## Data block
****************
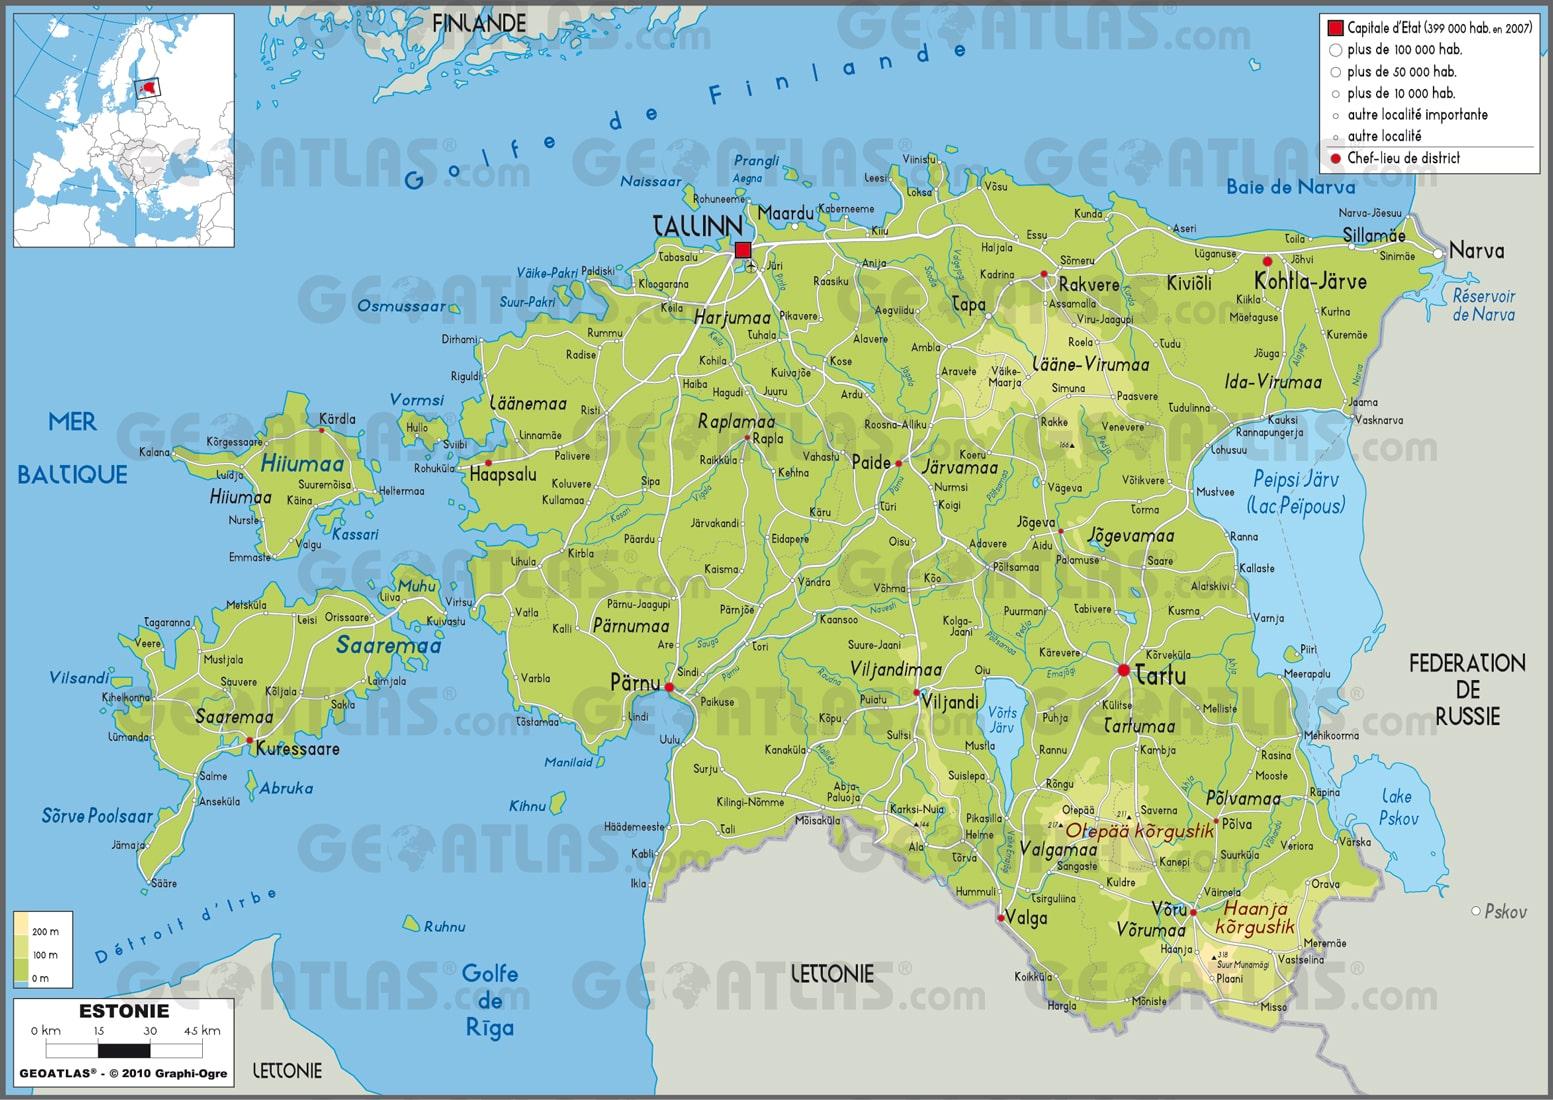 Cartograf.fr : L'Estonie : page 2
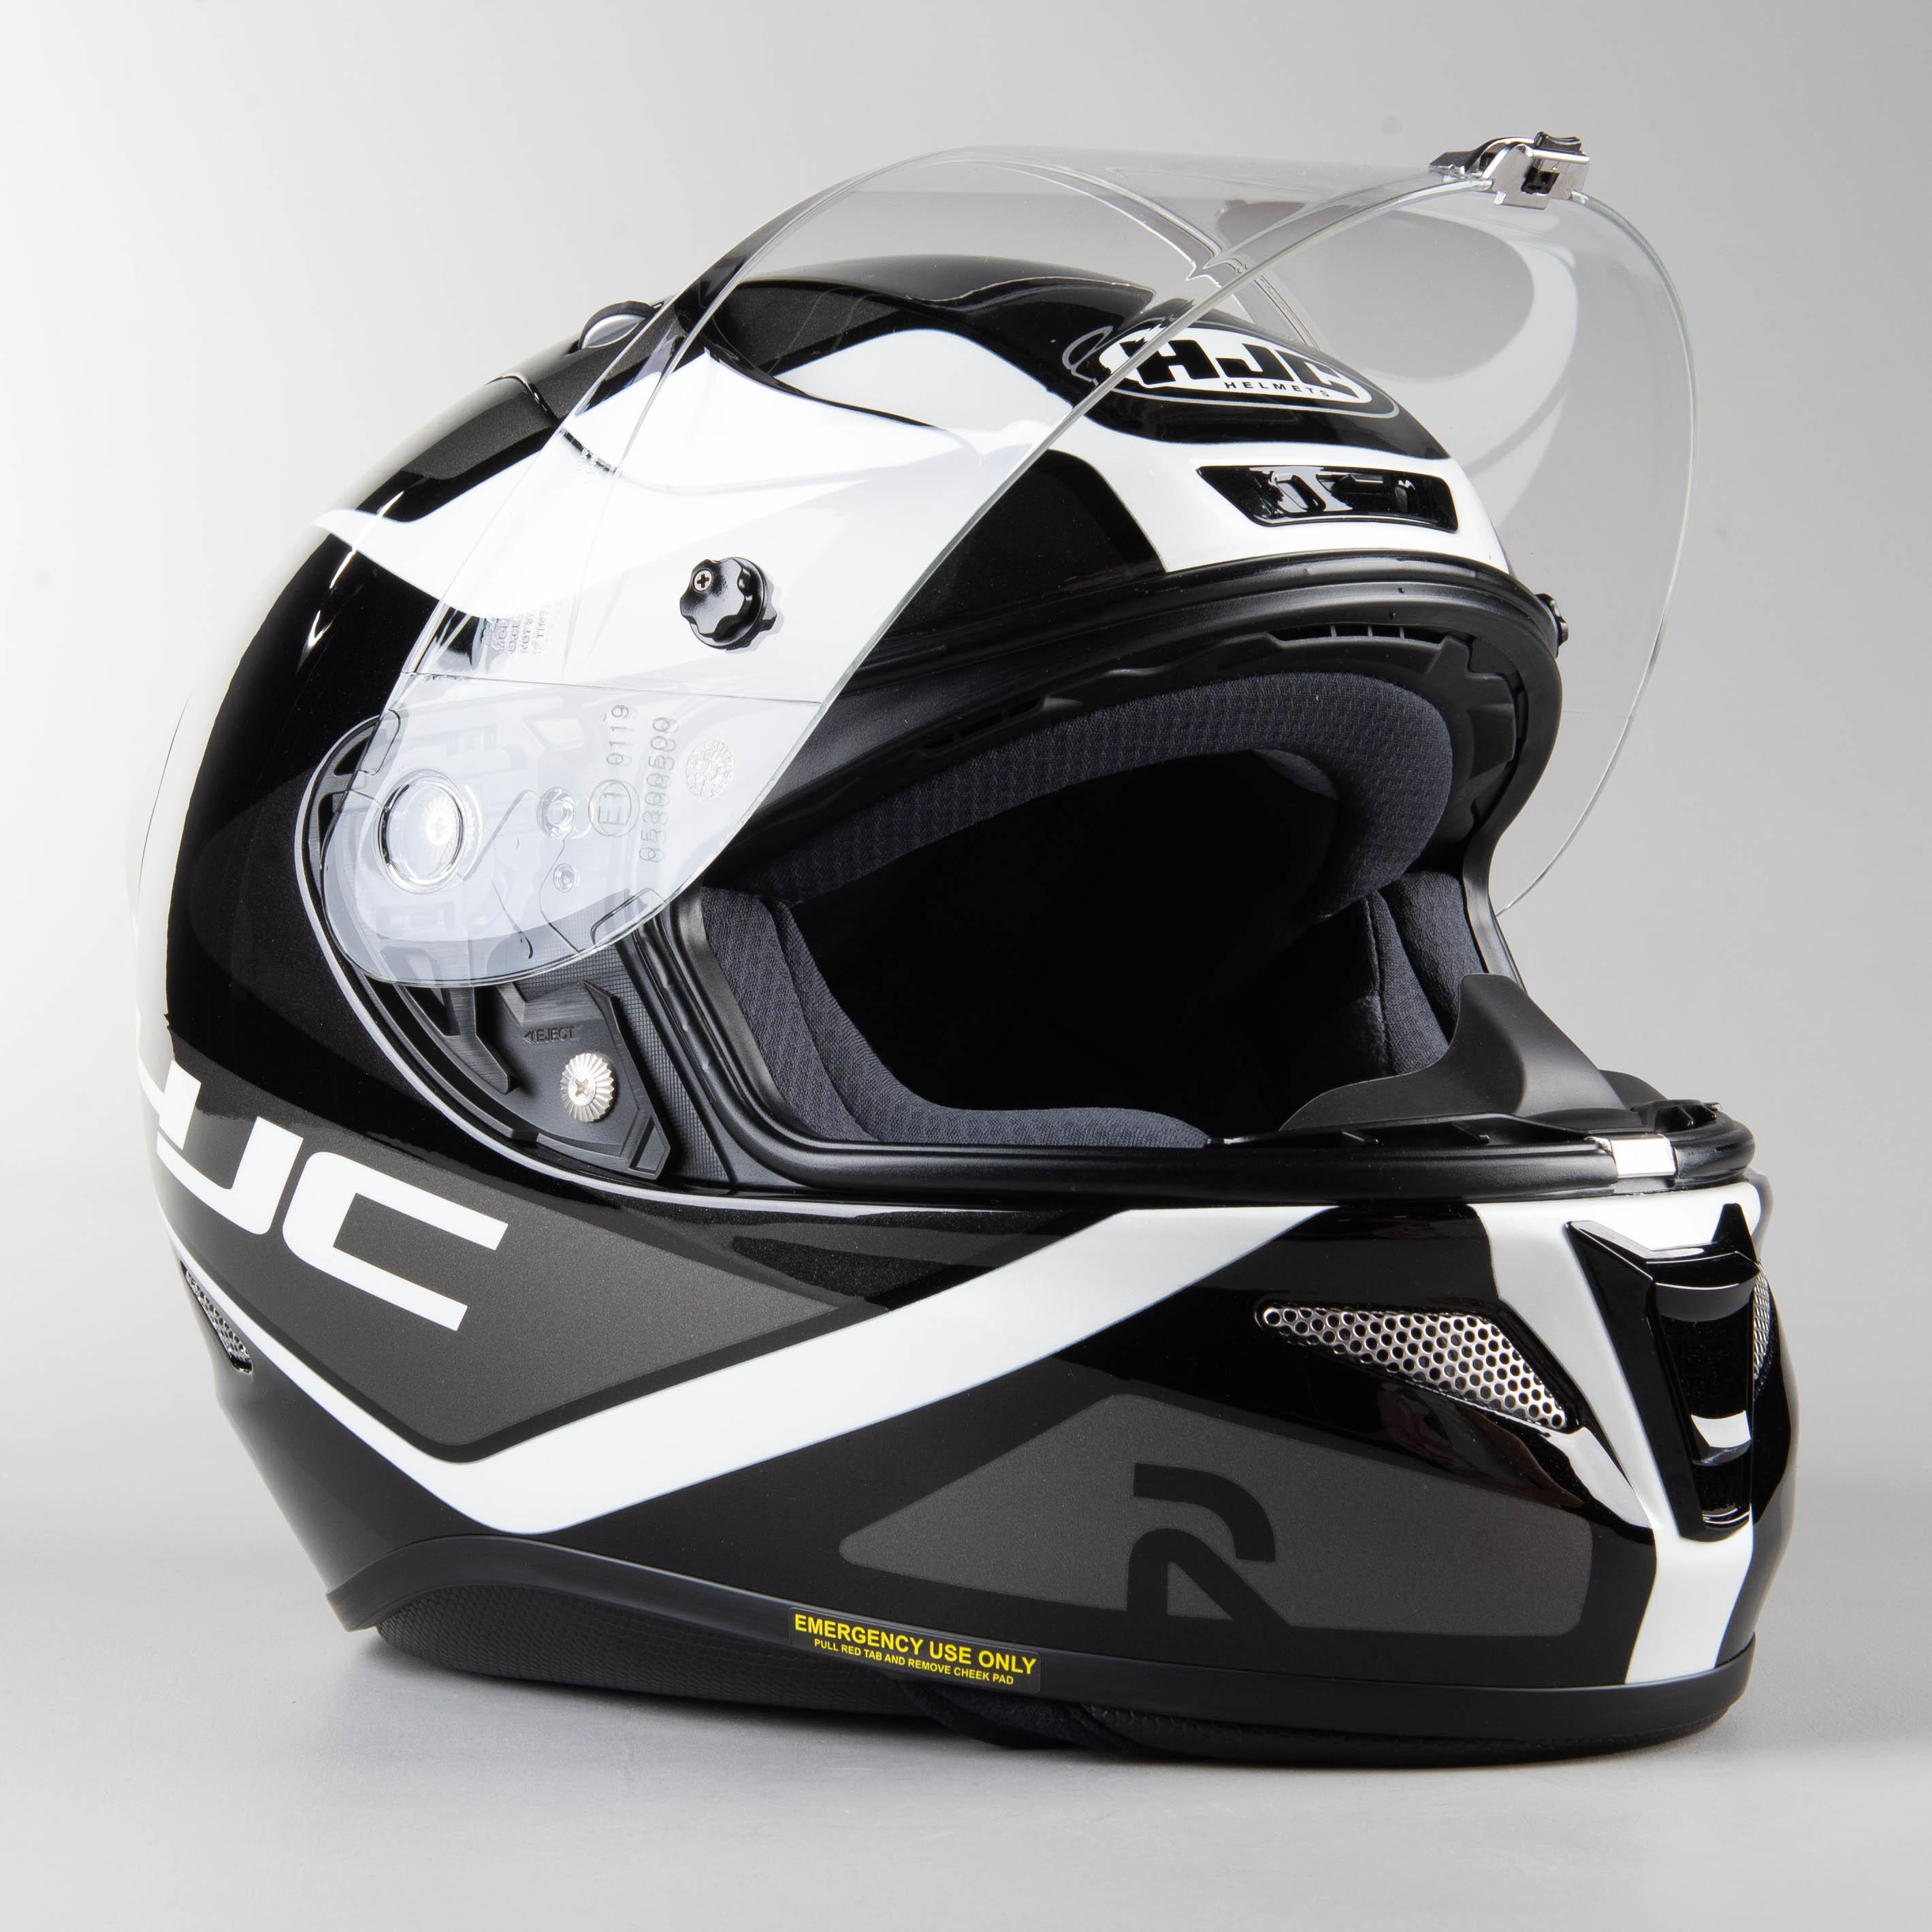 HJC HJC RPHA 11 SCONA MC5 Motorcycle helmets
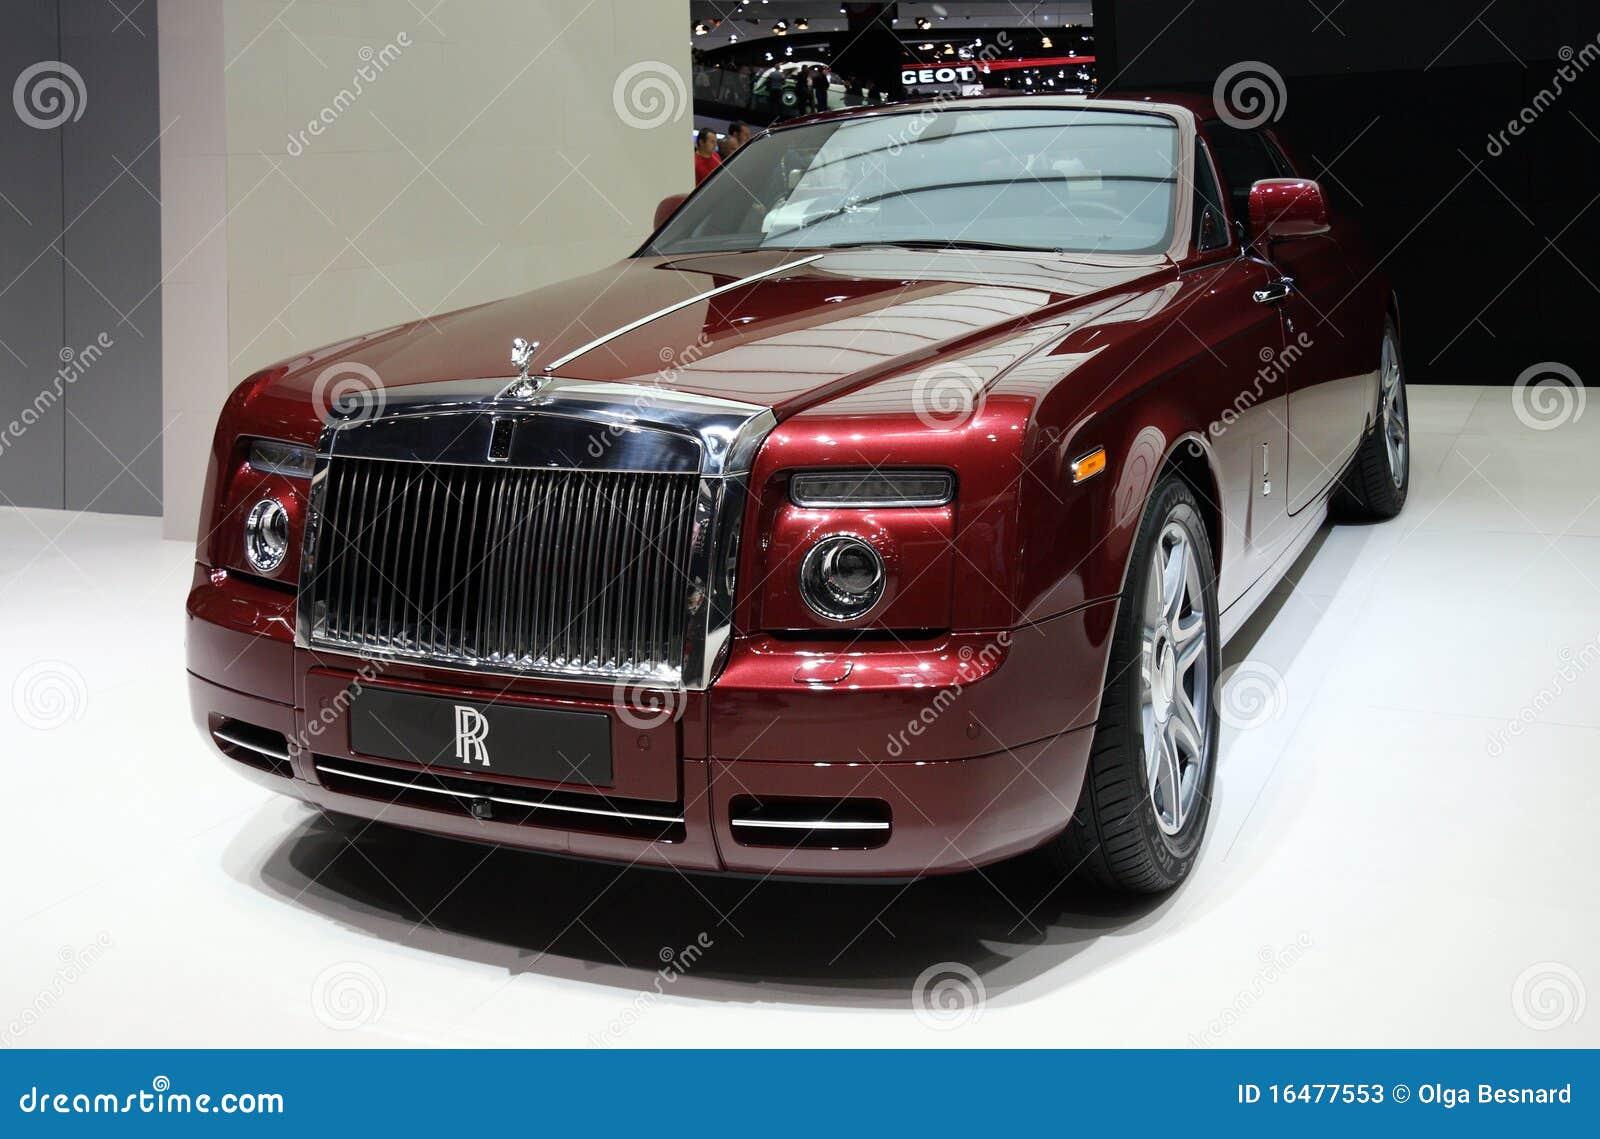 Rolls royce phantom coupe at paris motor show editorial for Rolls royce phantom motor
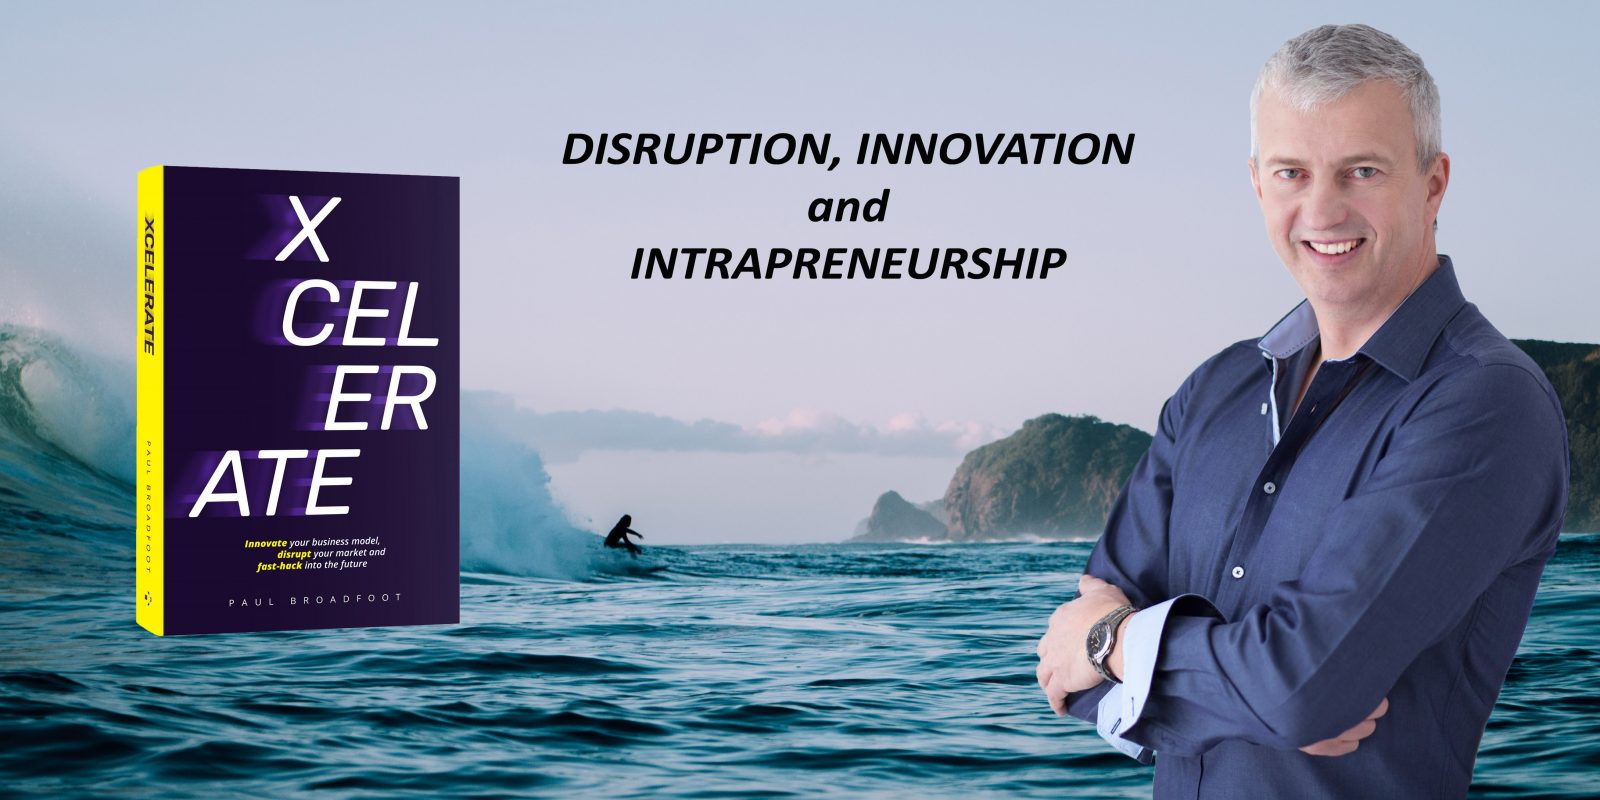 Disruption, Innovation and Intrapreneurship
****************
What you give back should be the full material above, retyped exactly, with every image removed.

 Cartograf.fr : L'Estonie : page 2
 HJC HJC RPHA 11 SCONA MC5 Motorcycle helmets
 Rolls royce phantom coupe at paris motor show editorial for Rolls royce phantom motor
 Disruption, Innovation and Intrapreneurship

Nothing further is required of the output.